The results presented in Table 1 show that server performance rankings may vary substantially between different datasets. For example, of the six HLA-A*02:01 9mer datasets, ANN was the top performing method for three datasets yet in last place for the other three. Given the small size and heterogeneous sources of some datasets, such variability is not unexpected. We expect that the 3-month accumulated ranking scores will help minimize the inherent performance variations by giving users ranking scores based on a large number of datasets. We strongly recommend that users refer to these scores when choosing which prediction tool to use.

It is important to keep in mind that the ranking scores do not provide information about the absolute predictive performance of the methods. The scores are only meaningful in the context of each other, as they show how the methods rank among each other. For example, a method with a ranking score of 100 is per definition the best performing method across all datasets. However, the method may have achieved this with AUC scores of 0.75 and SRCC scores of 0.5, as long as the rest of the methods scored lower.
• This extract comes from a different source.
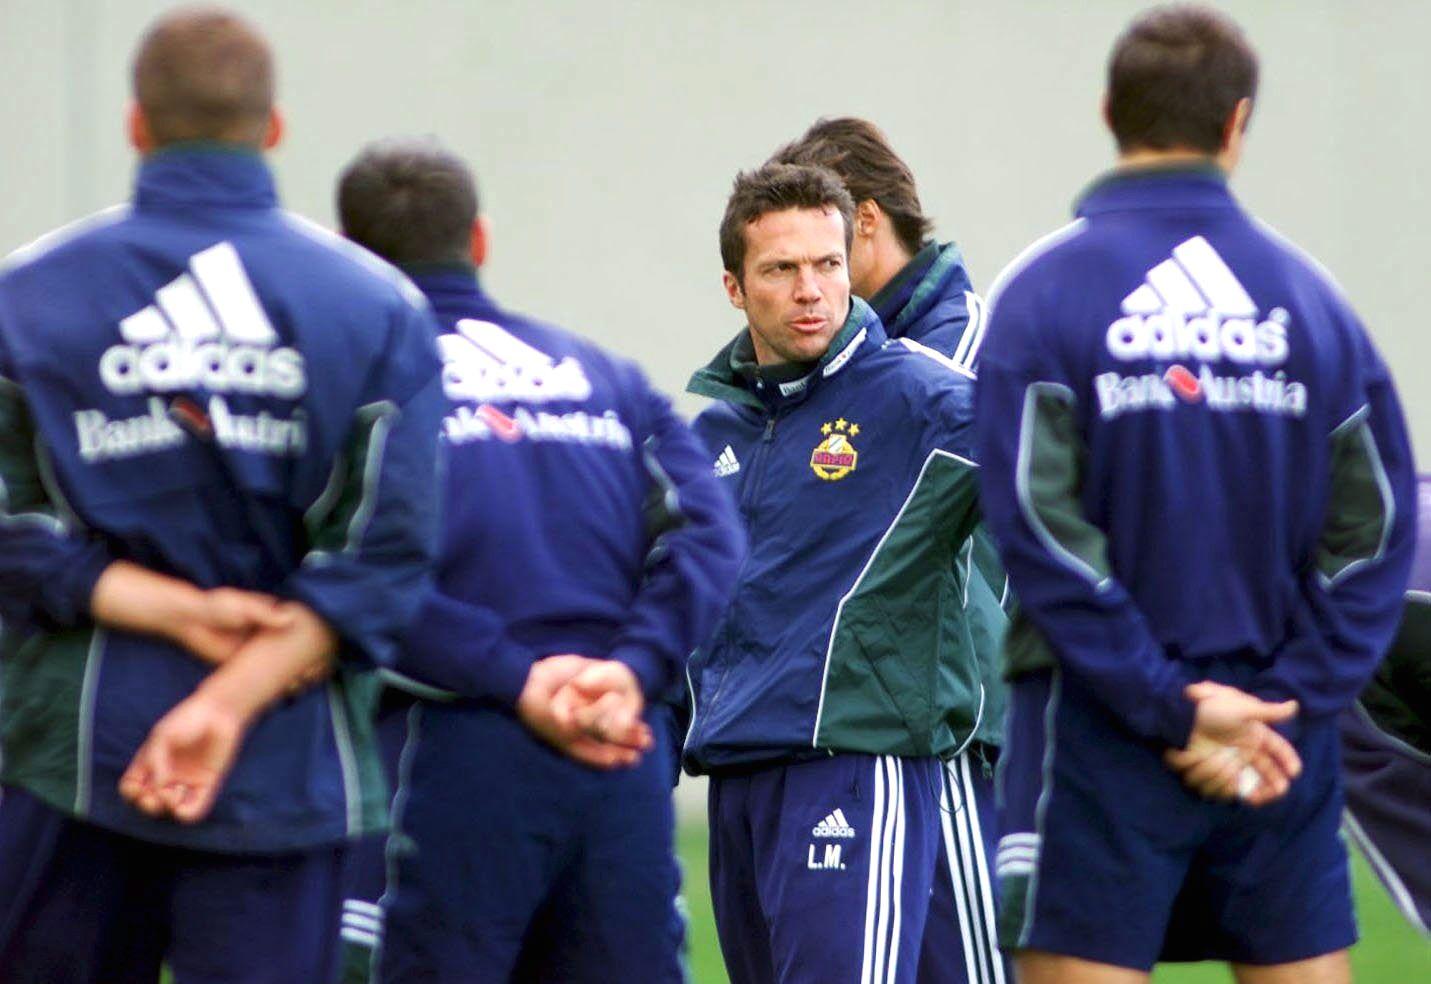 Lothar Matthäus/ Trainer Rapid Wien

On the other hand, a method with a ranking score of 0 may still provide good predictions, the other methods simply performed better.

The benchmark has been running stably since March 2014 with four participating prediction methods (SMM, ANN, NetMHCpan and ARB). The overall conclusion taken from the benchmark results is that the best performing method is NetMHCpan with an accumulated overall ranking score of 67, followed by ANN with a score of 66, SMM scoring 48 and ARB scoring 29.
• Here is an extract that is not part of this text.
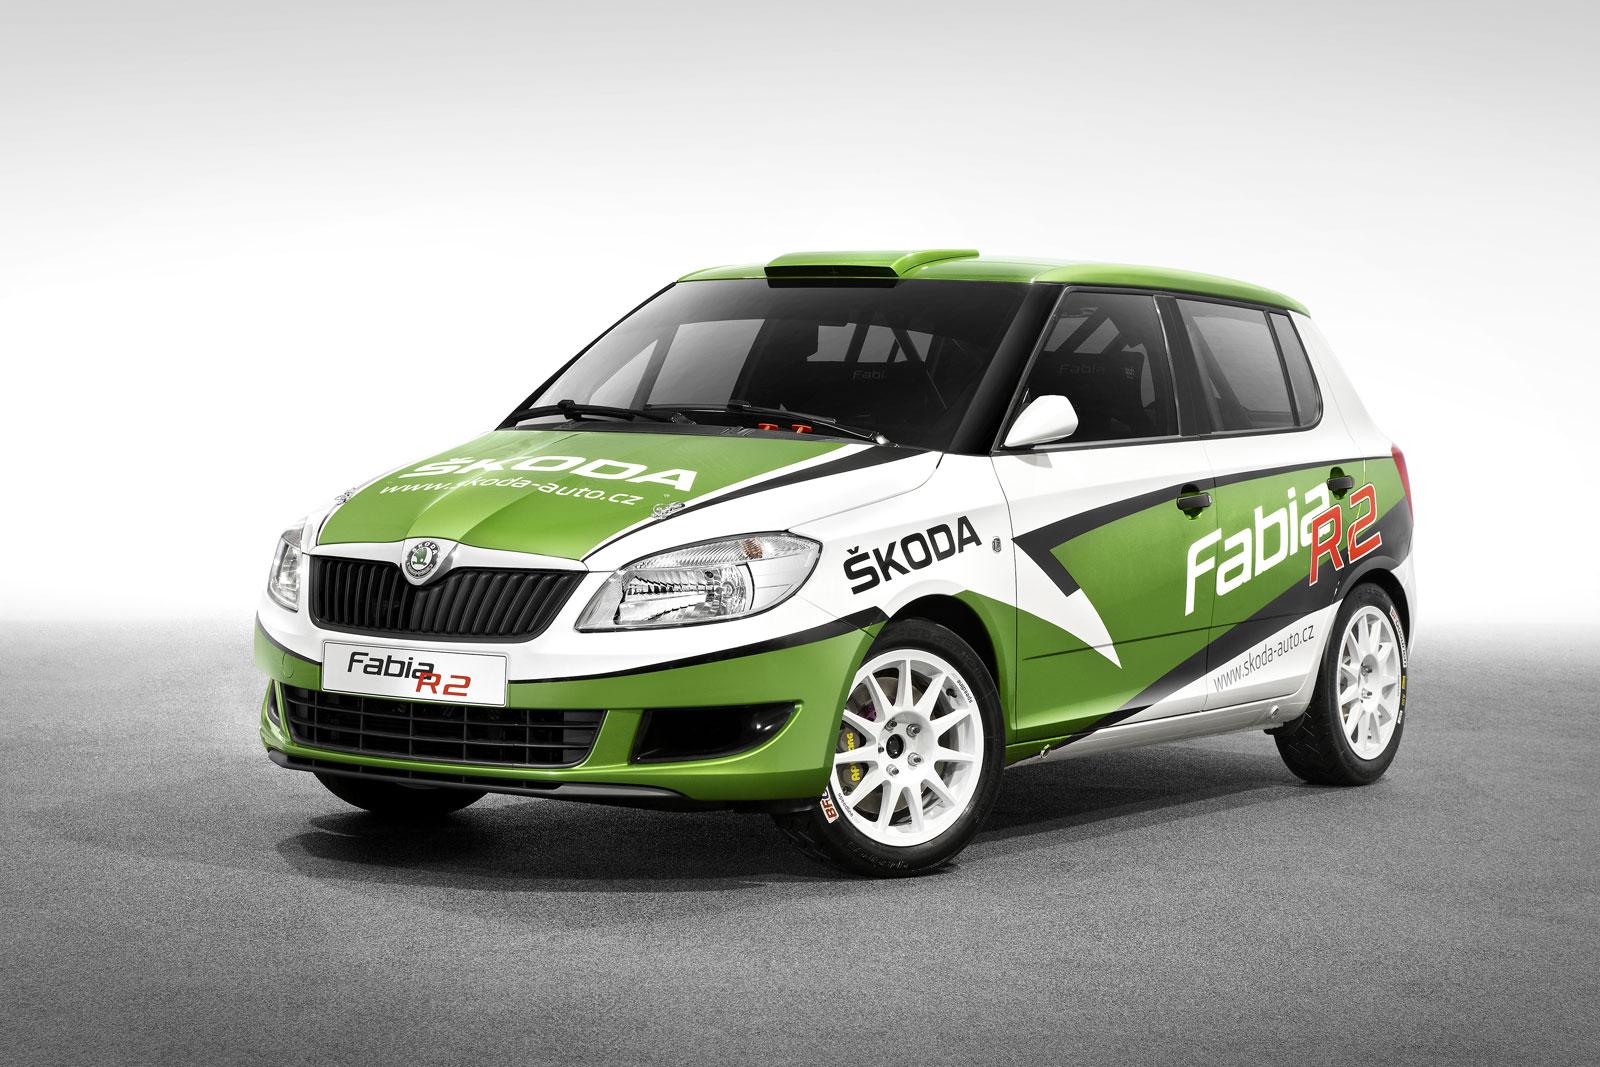 skoda fabia r2 rally car. Black Bedroom Furniture Sets. Home Design Ideas

We believe this pipeline will be an important help for future prediction tool developers as both the benchmark evaluation data and predictions from all participating servers are made publicly available to the community. Given the minimal effort involved in joining the benchmark, we expect that the pipeline will act as the common benchmark platform for evaluation of future peptide-MHC-I binding prediction methods. The use of a common benchmark platform will be of significant importance to the end-user working within epitope discovery, enabling an educated selection of which prediction tool to use for the given task at hand.

This is the first automated benchmark platform developed within the field of immunoinformatics. In the future, we expect to expand the platform to cover other aspects of epitope identification, including prediction of naturally processed ligands, T-cell epitopes and B-cell epitopes.

Funding

This study was supported in whole or in part with Federal funds from the National Institutes of Allergy and Infectious Diseases, National Institutes of Health, Department of Health and Human Services, under Contract No. HHSN272201200010C. M.N. is a researcher at the Argentinean national research council (CONICET).

Conflict of Interest: none declared.